Step 0. Data Preparation

Data is a fuel of machine learning; the better the fuel is, the faster the car can run. I’ll skip the part that describes how to aggregate the data and how to store and transport it, and jump straight to what should be done with the data to make ML magic happen.

It is important to start by cleansing data to get a specified set of features for analysis. Let’s look at payments as an example; the relevant features would be buyer details, seller details, payment amount, the time when the transaction was sent, bank details, and IPs as well as others. In fact, there could be hundreds of parameters. The more complex the field, the more parameters necessary. Hence, the better we clean the data, removing depending or correlated features, the better the performance of the final algorithm. Otherwise, it would be hard to tell which feature caused the prediction. Typically, data preparation and exploration can take as much or even more time than the rest of the ML project.

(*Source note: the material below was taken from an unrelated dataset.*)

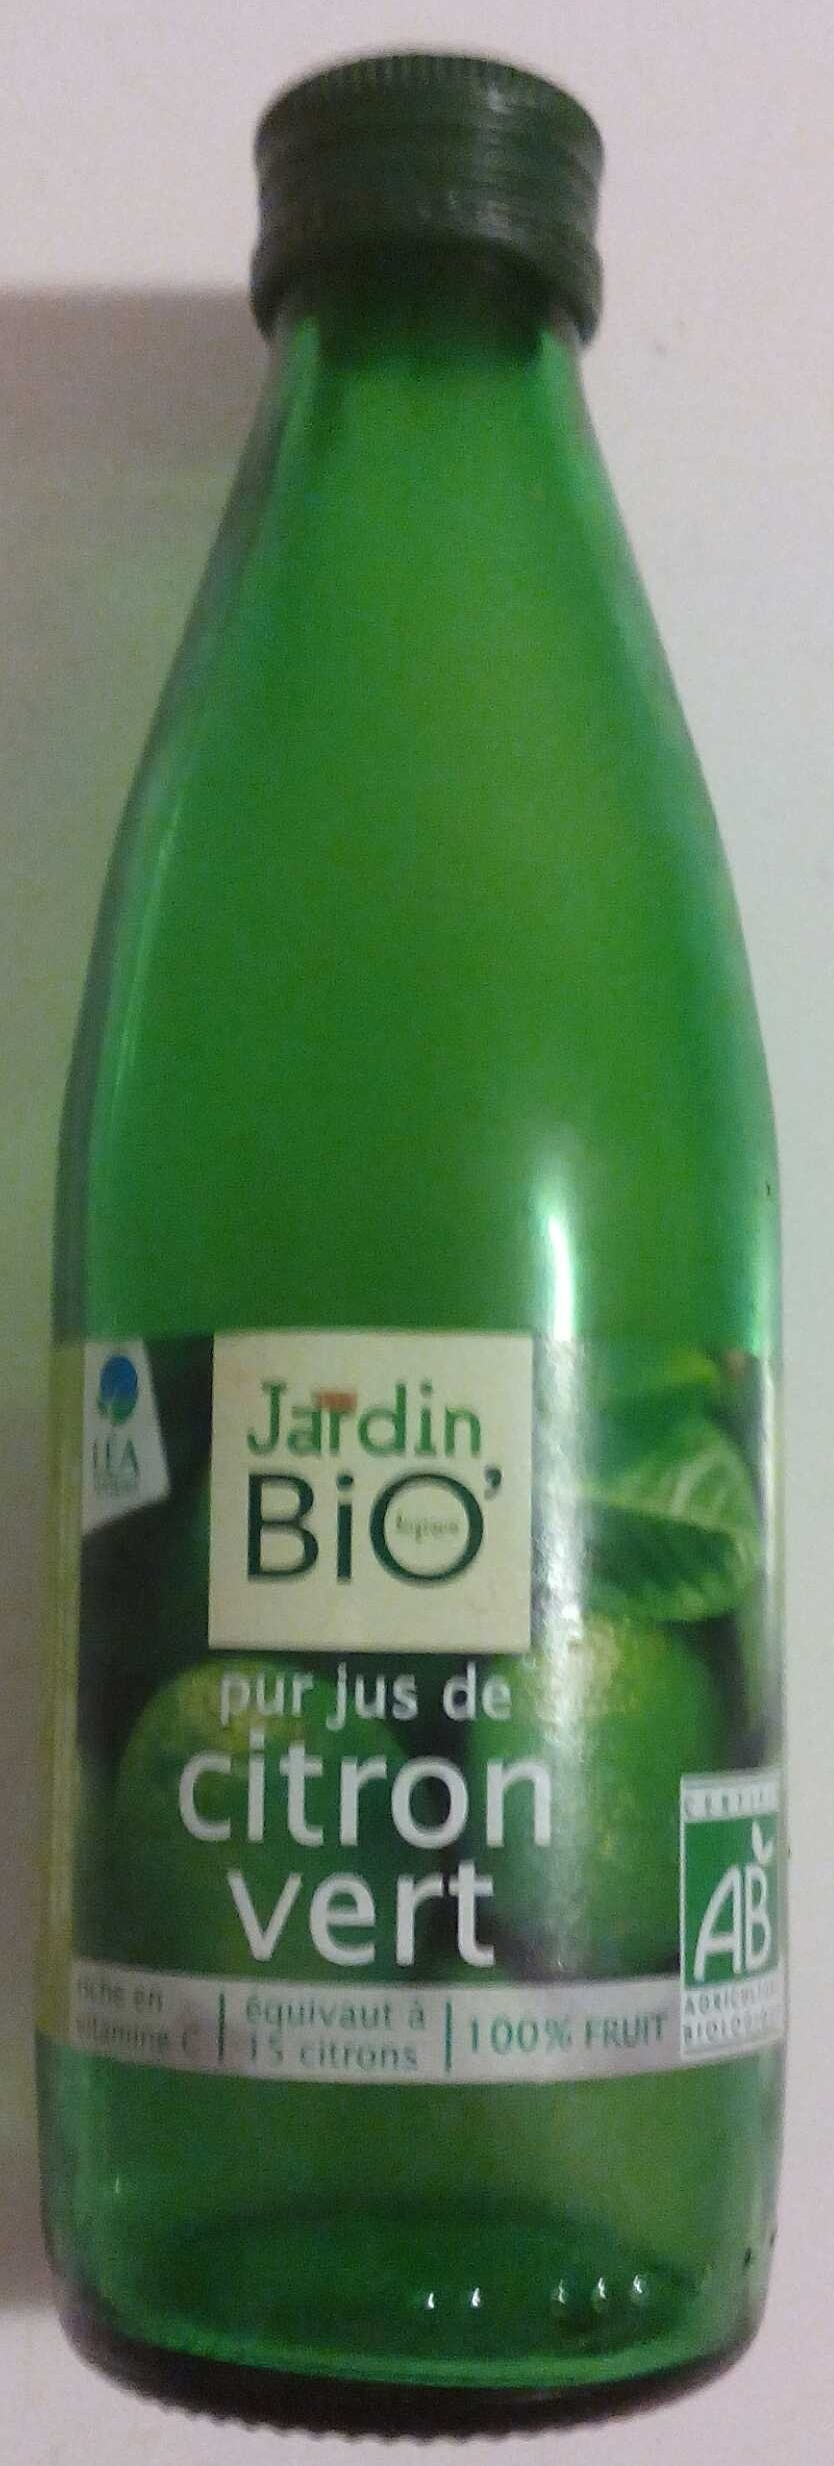 Pur jus citron vert - Product - fr

Tech image: red squares are highly correlated features, the fewer red squares we have, the better the model interpretability is.

Step 1. Supervised Learning, or What Can You Leverage from What You Already Know?

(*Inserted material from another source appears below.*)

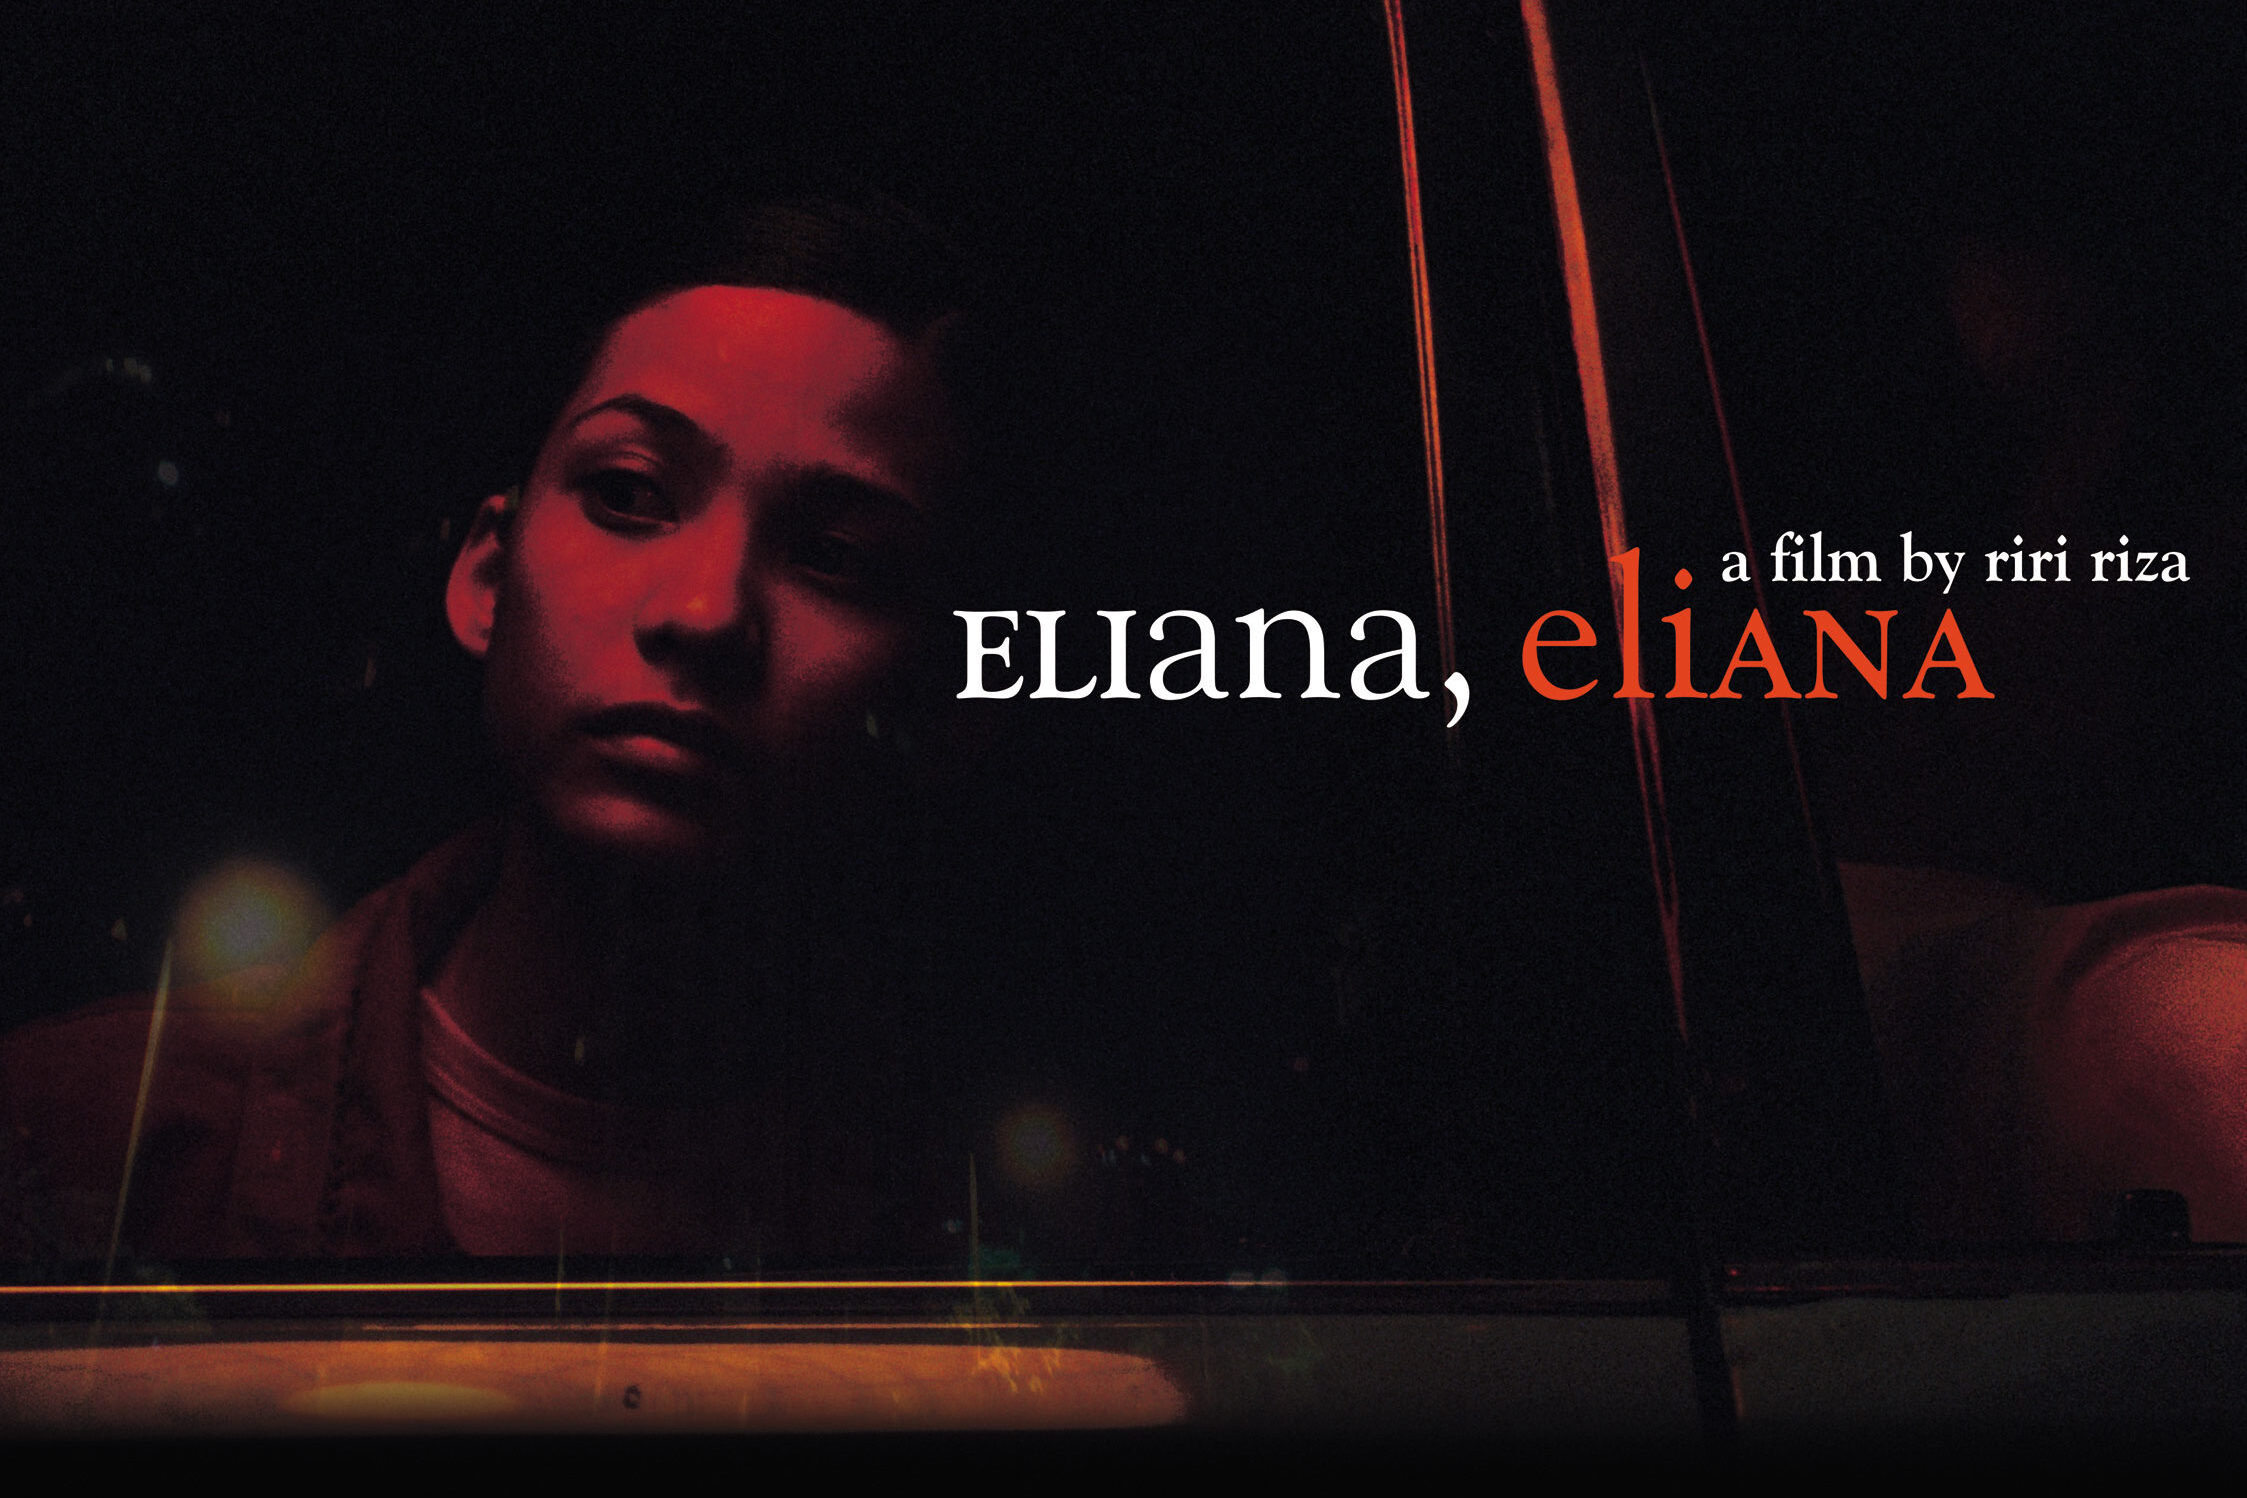 <!--:id-->Eliana, Eliana<!--:--><!--:en-->Eliana, Eliana<!--:-->

Companies often have some type of fraud detection system in place. They might be either rule-based and become overwhelming because of the number of rules required and still struggle to filter all the suspicious cases, or AI-based, provided by a third-party vendor who processes sensitive data outside the company infrastructure.

If you decide to level up the protection and build a fraud detection system in-house, is there a way to leverage existing knowledge about fraud? In fact, there is. Supervised machine learning means that a person tells the machine what is wrong and what is right. Using trusted results from existing systems, you can expedite the learning process drastically.

Usually, there are a number of algorithms that could be used. The main goal is to find the one that works best with a specific dataset and tune its parameters to get the best balance of true positives (real fraud), false positives (not fraud marked as fraud) and false negatives (fraud that was not identified as fraud). There is a chart called a confusion matrix that data scientists use to optimize algorithms.


Tech image: Confusion Matrix - Orange or not?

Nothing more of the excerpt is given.